How to complete this task
Starting at the line that has "awesome 70 Adorable" and stopping after the line that has "Confluences by Frédérique", reproduce the listing below exactly; omit everything else.

Record set
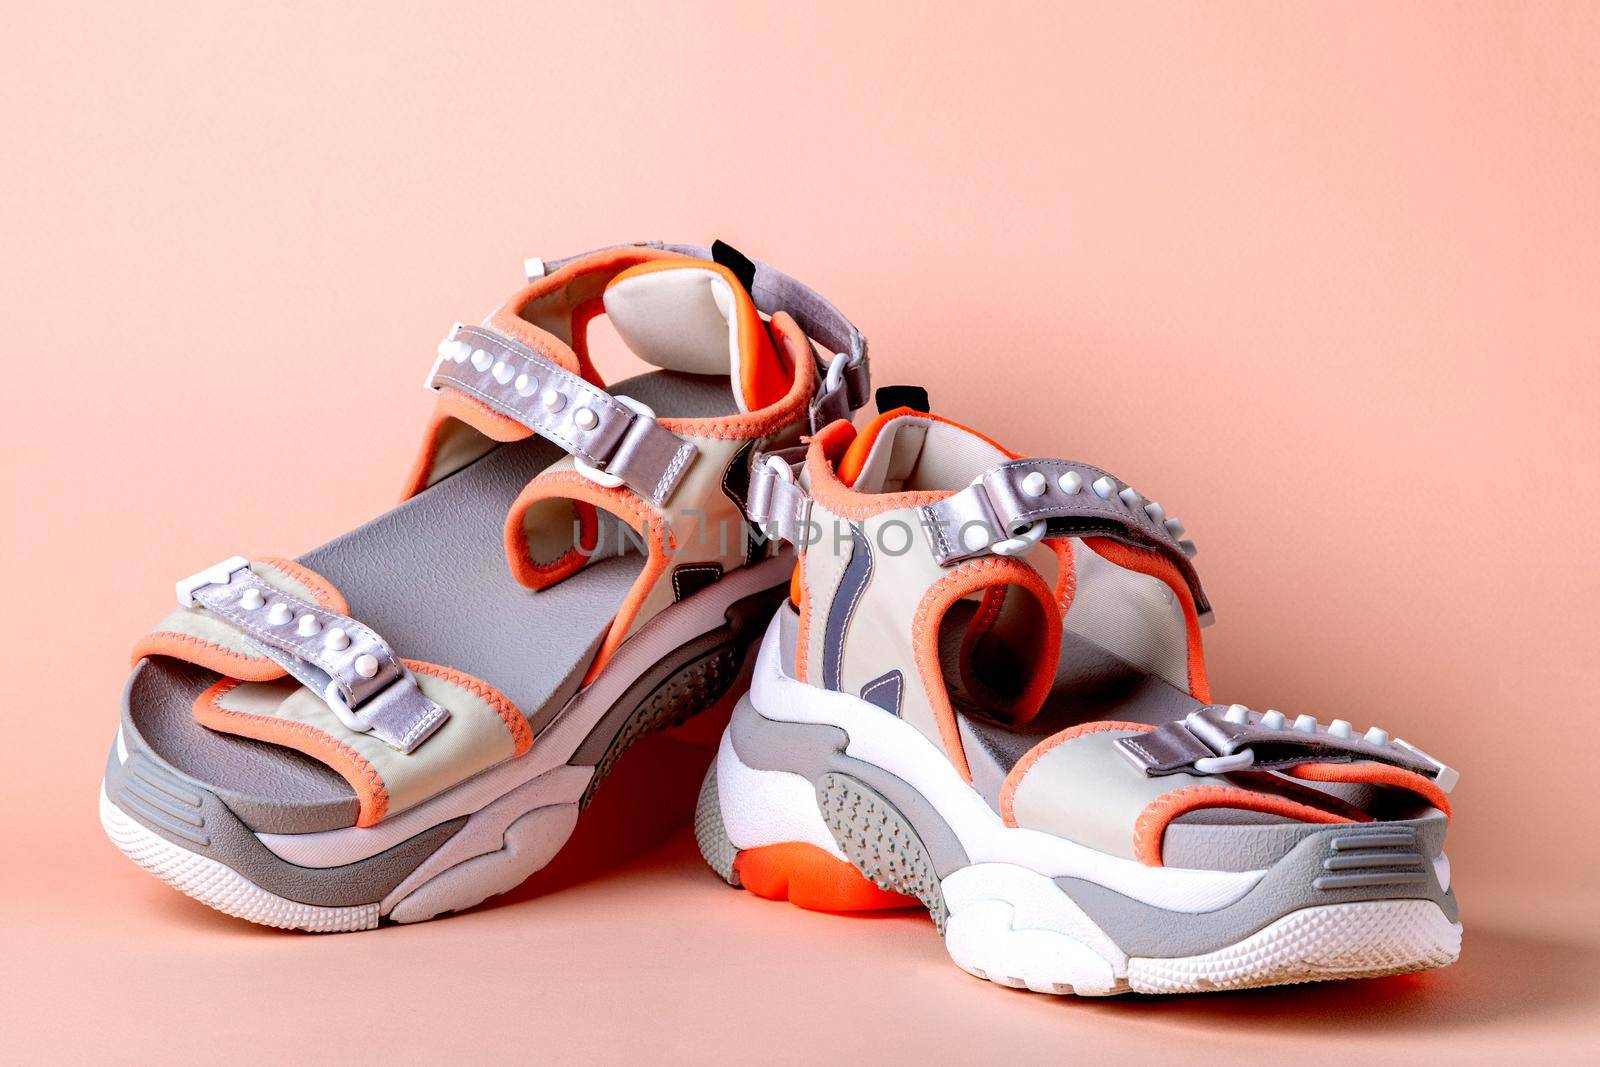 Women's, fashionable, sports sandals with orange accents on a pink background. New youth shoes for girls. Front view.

---

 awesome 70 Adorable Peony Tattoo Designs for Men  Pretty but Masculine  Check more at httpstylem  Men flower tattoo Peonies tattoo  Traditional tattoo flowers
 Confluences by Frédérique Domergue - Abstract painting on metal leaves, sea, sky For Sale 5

Solution
 awesome 70 Adorable Peony Tattoo Designs for Men  Pretty but Masculine  Check more at httpstylem  Men flower tattoo Peonies tattoo  Traditional tattoo flowers
 Confluences by Frédérique Domergue - Abstract painting on metal leaves, sea, sky For Sale 5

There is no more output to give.